◆ TASK DESCRIPTION
Pictures stay out of the copy; set down each line of the listing below exactly.

------

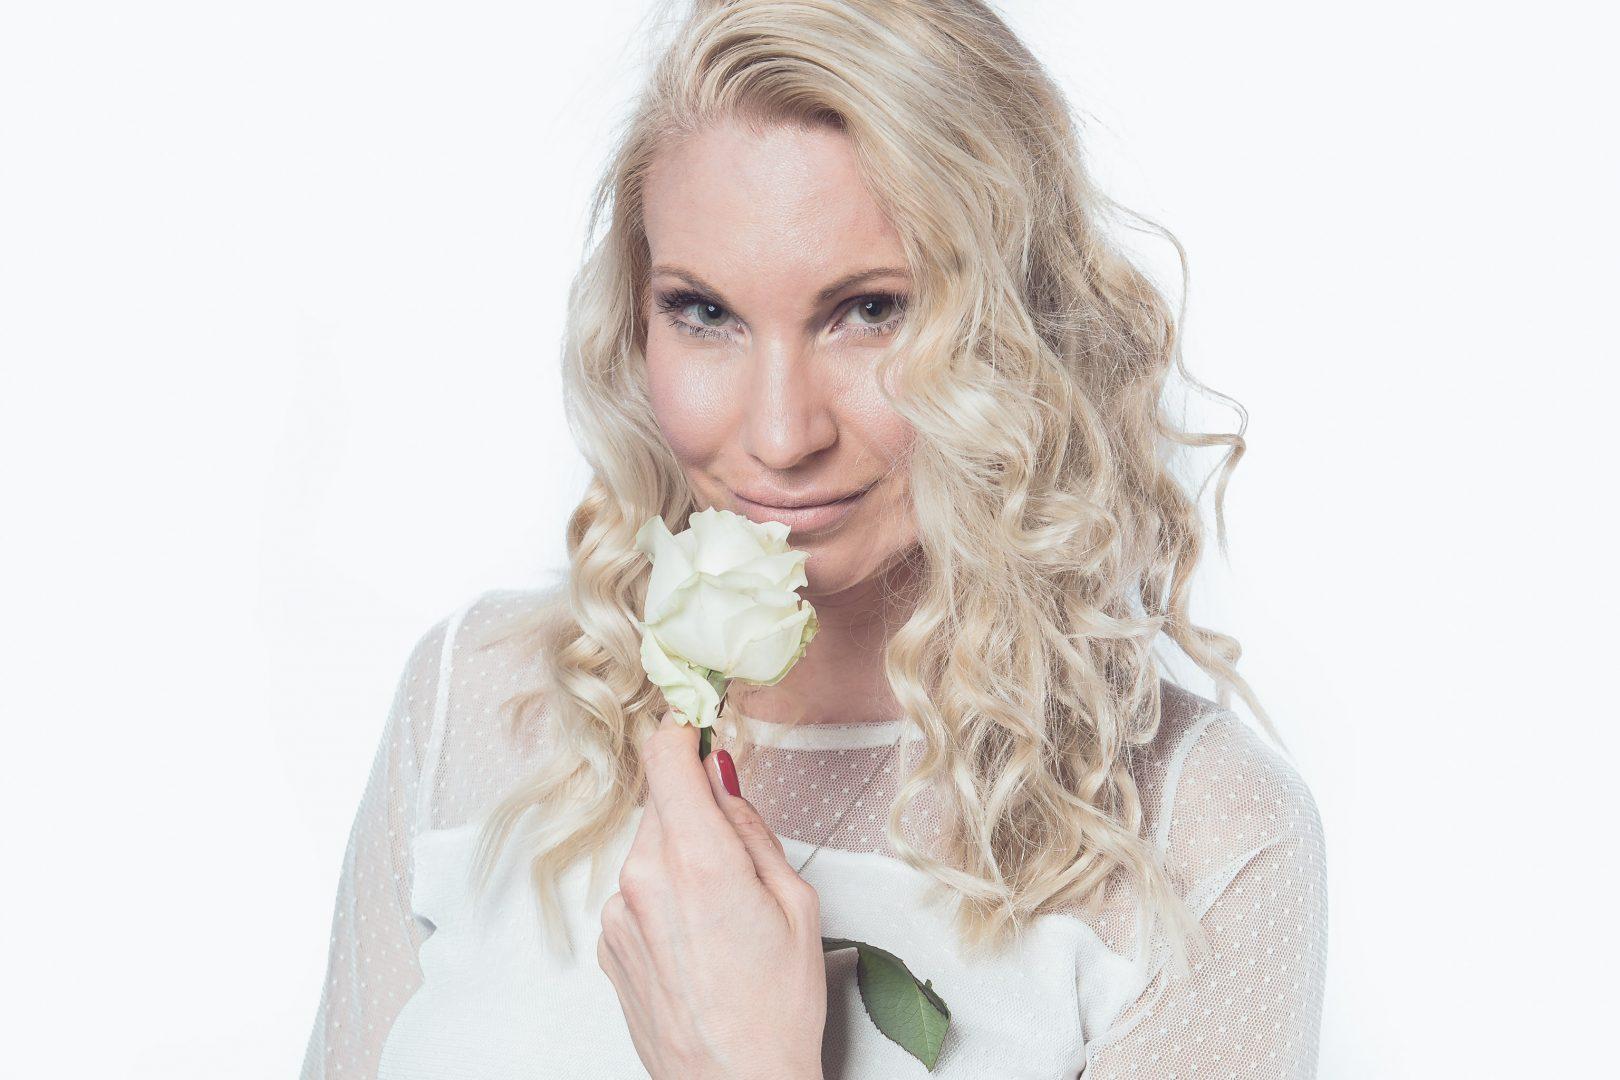 Bloggaren Malin Tiljas välgörenhetsprojekt med Rosenserien
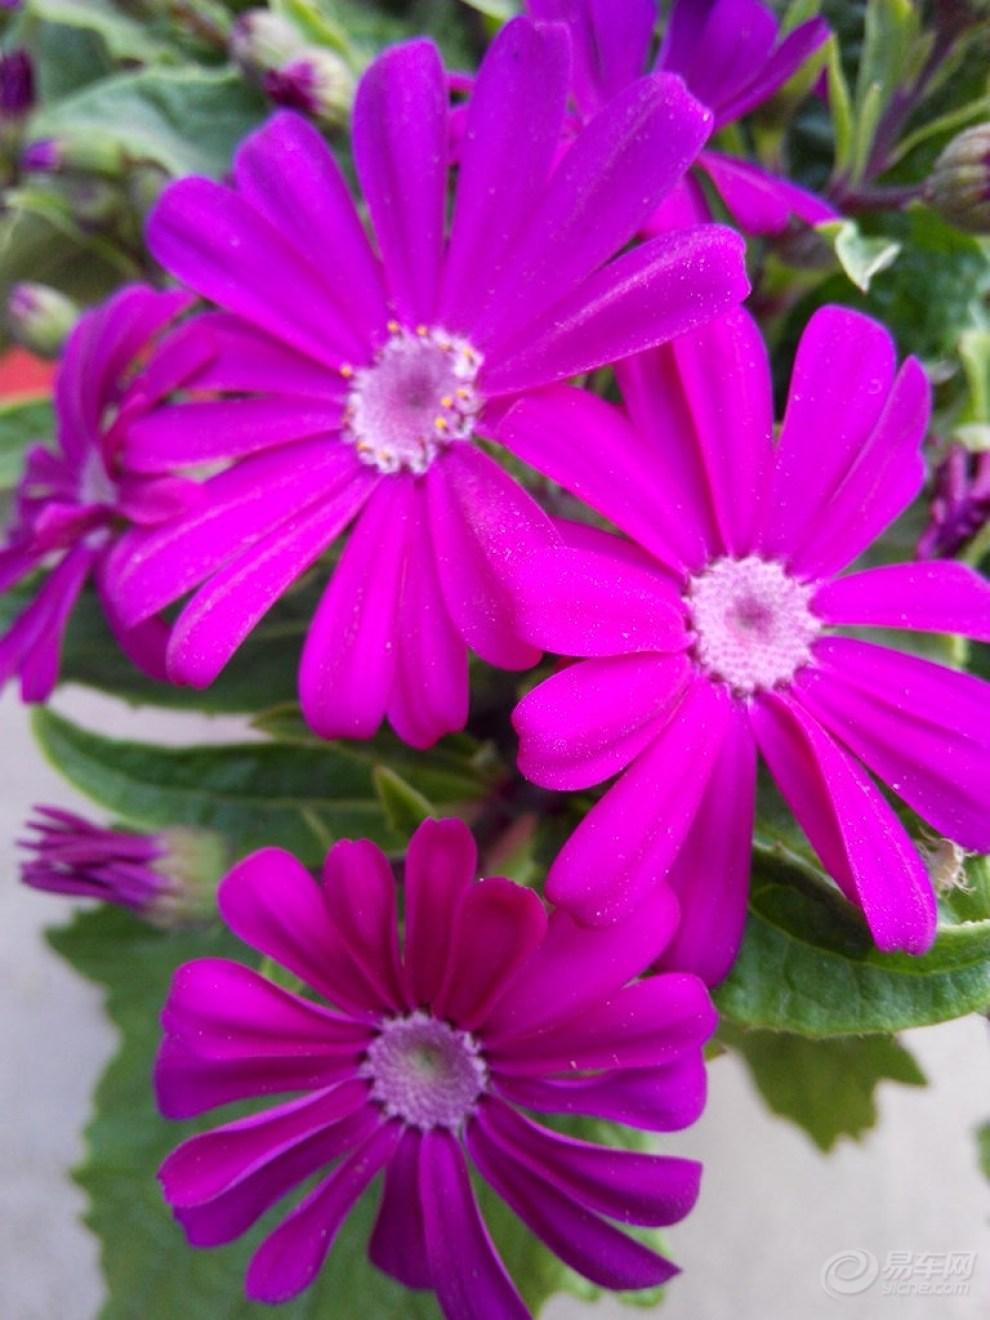 【【春暖花开】春天气候温暖,百花盛开,景色优
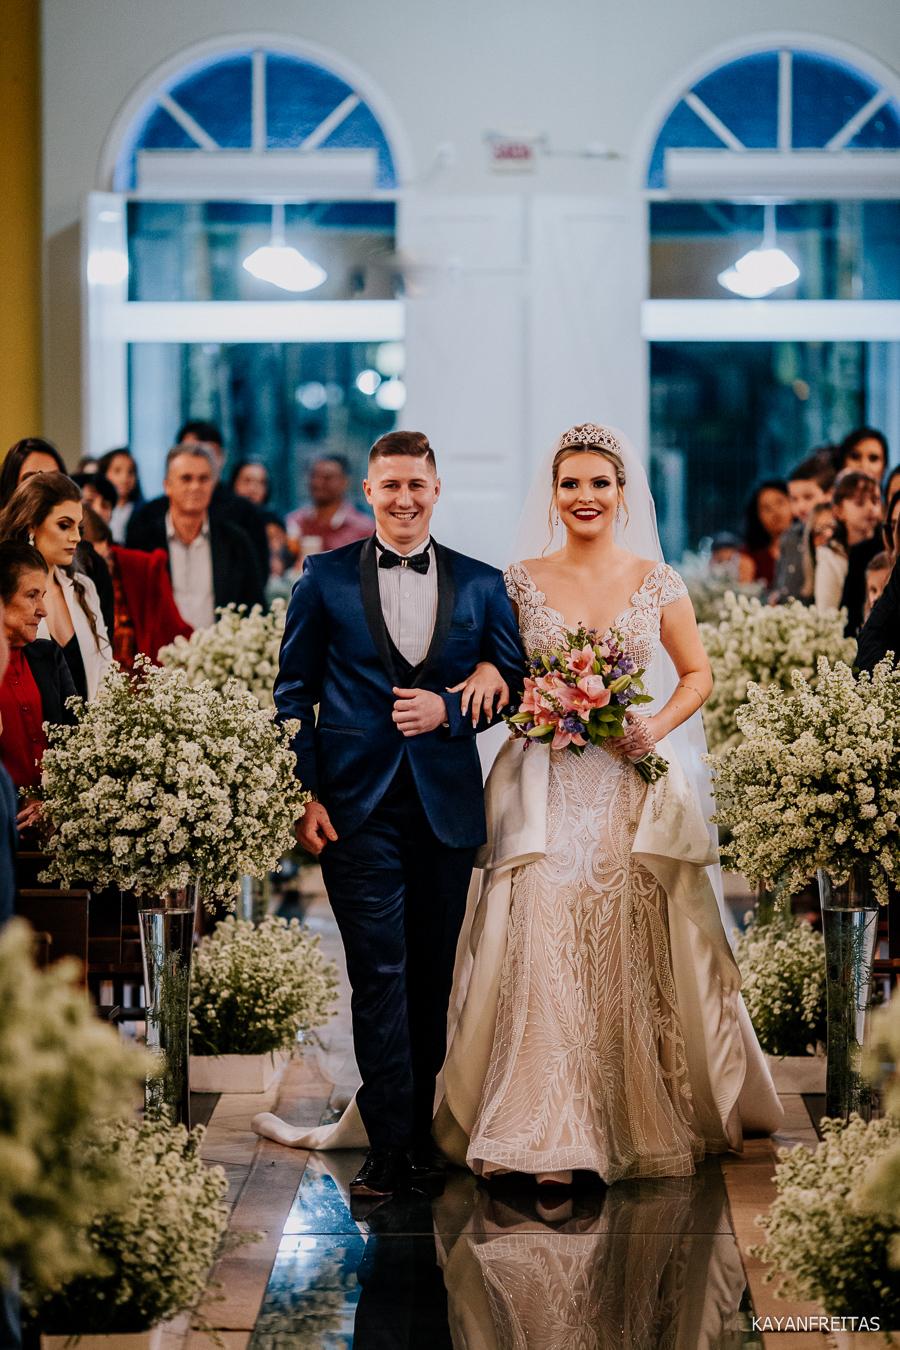 casamento-biguacu-tainaramarcos-0049 Casamento Tainara e Marcos - Biguaçu
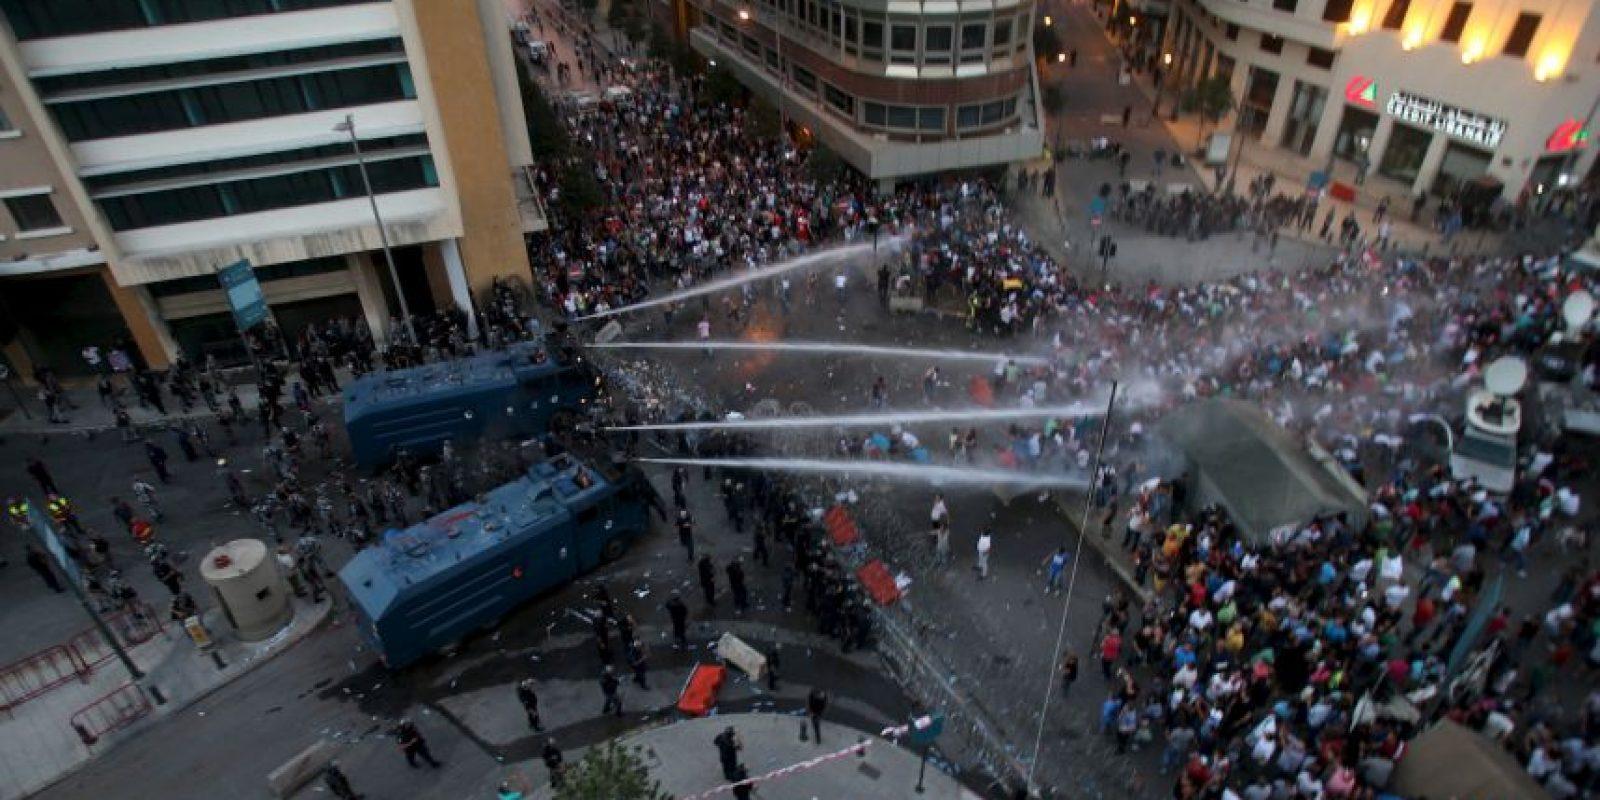 La Policía antimotines de Líbano usó cañones de agua para dispersar a miles de manifestantes Foto:AFP
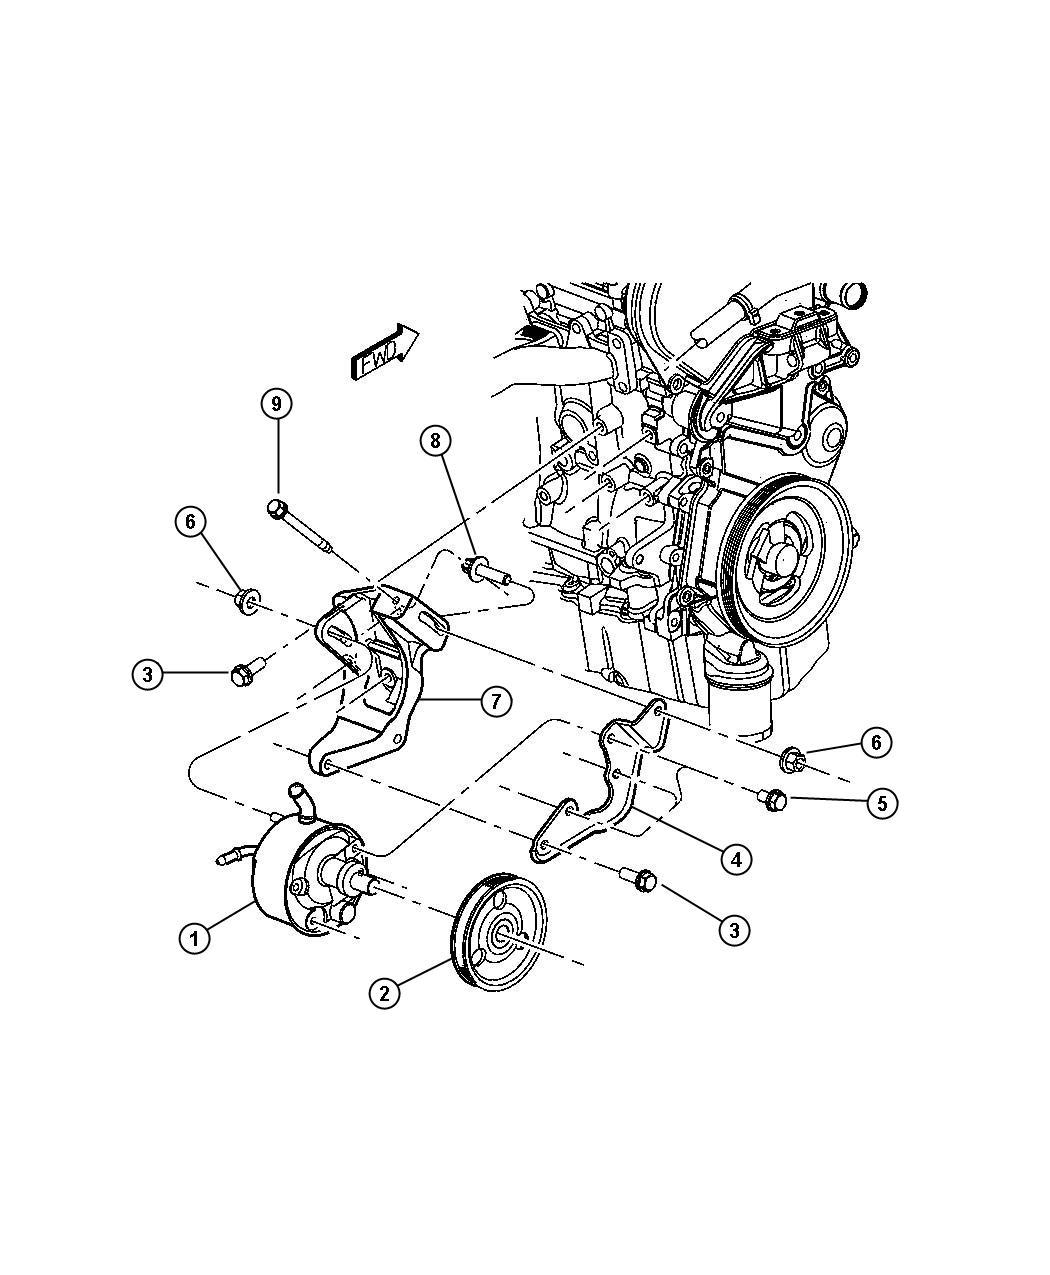 Dodge Caravan Power Steering Pump 2 4l Engine
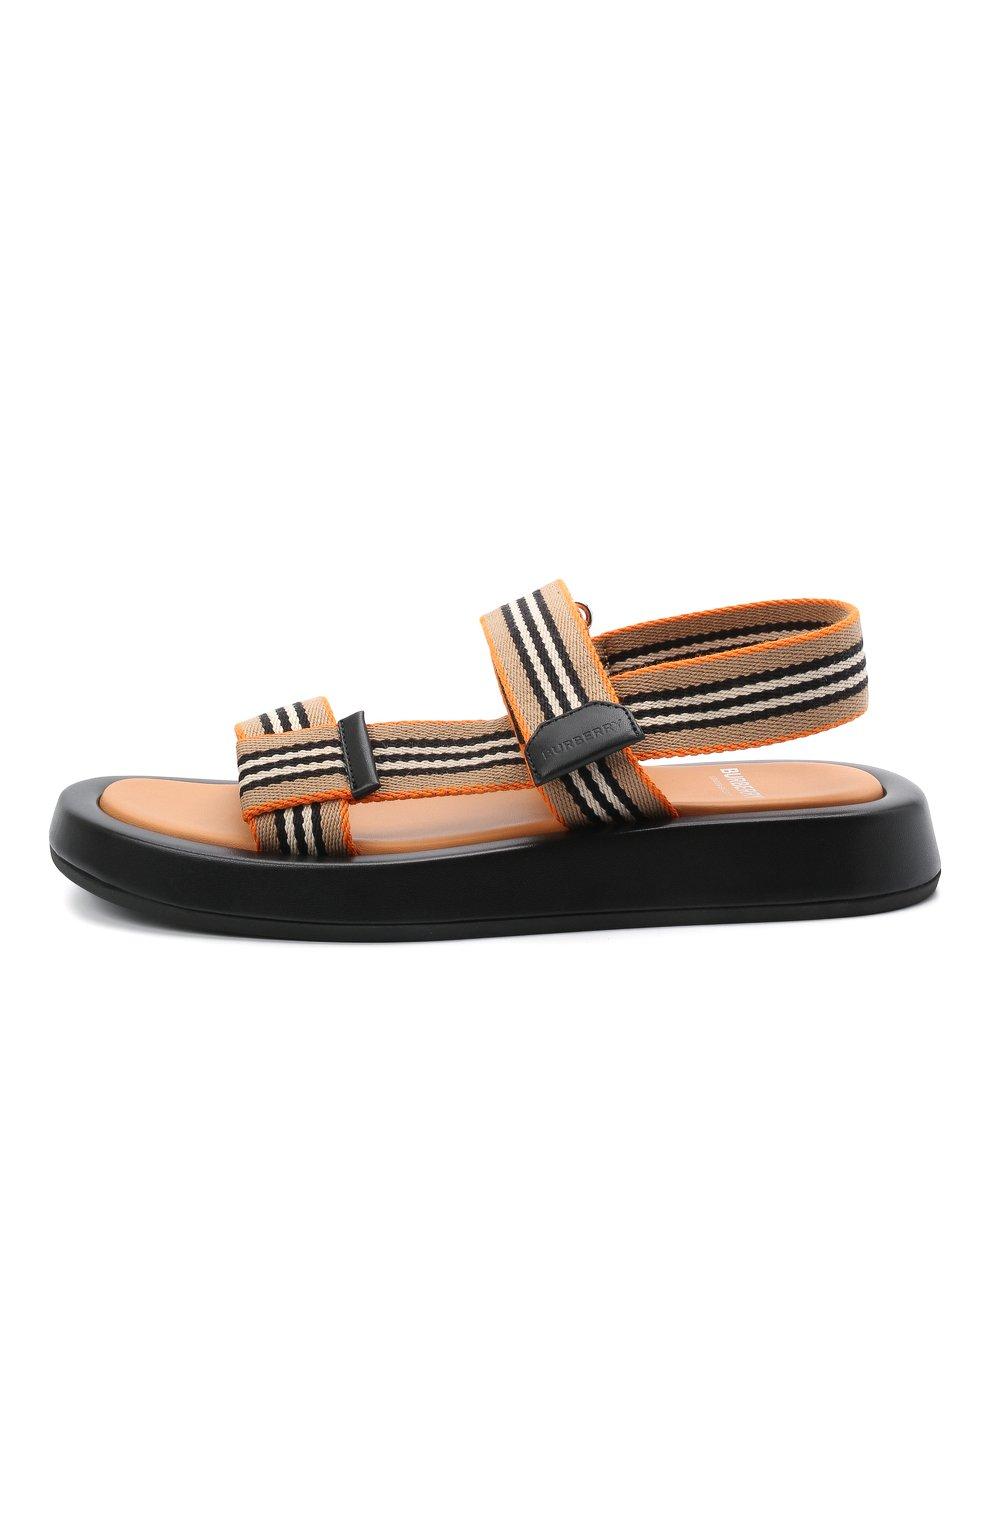 Женские комбинированные сандалии BURBERRY коричневого цвета, арт. 8040187   Фото 3 (Материал внешний: Текстиль; Подошва: Платформа; Материал внутренний: Натуральная кожа)

------

◆ SOLVED PROBLEM
 Bloggaren Malin Tiljas välgörenhetsprojekt med Rosenserien
 【【春暖花开】春天气候温暖,百花盛开,景色优
 casamento-biguacu-tainaramarcos-0049 Casamento Tainara e Marcos - Biguaçu
 La Policía antimotines de Líbano usó cañones de agua para dispersar a miles de manifestantes Foto:AFP
 Dodge Caravan Power Steering Pump 2 4l Engine
 Женские комбинированные сандалии BURBERRY коричневого цвета, арт. 8040187   Фото 3 (Материал внешний: Текстиль; Подошва: Платформа; Материал внутренний: Натуральная кожа)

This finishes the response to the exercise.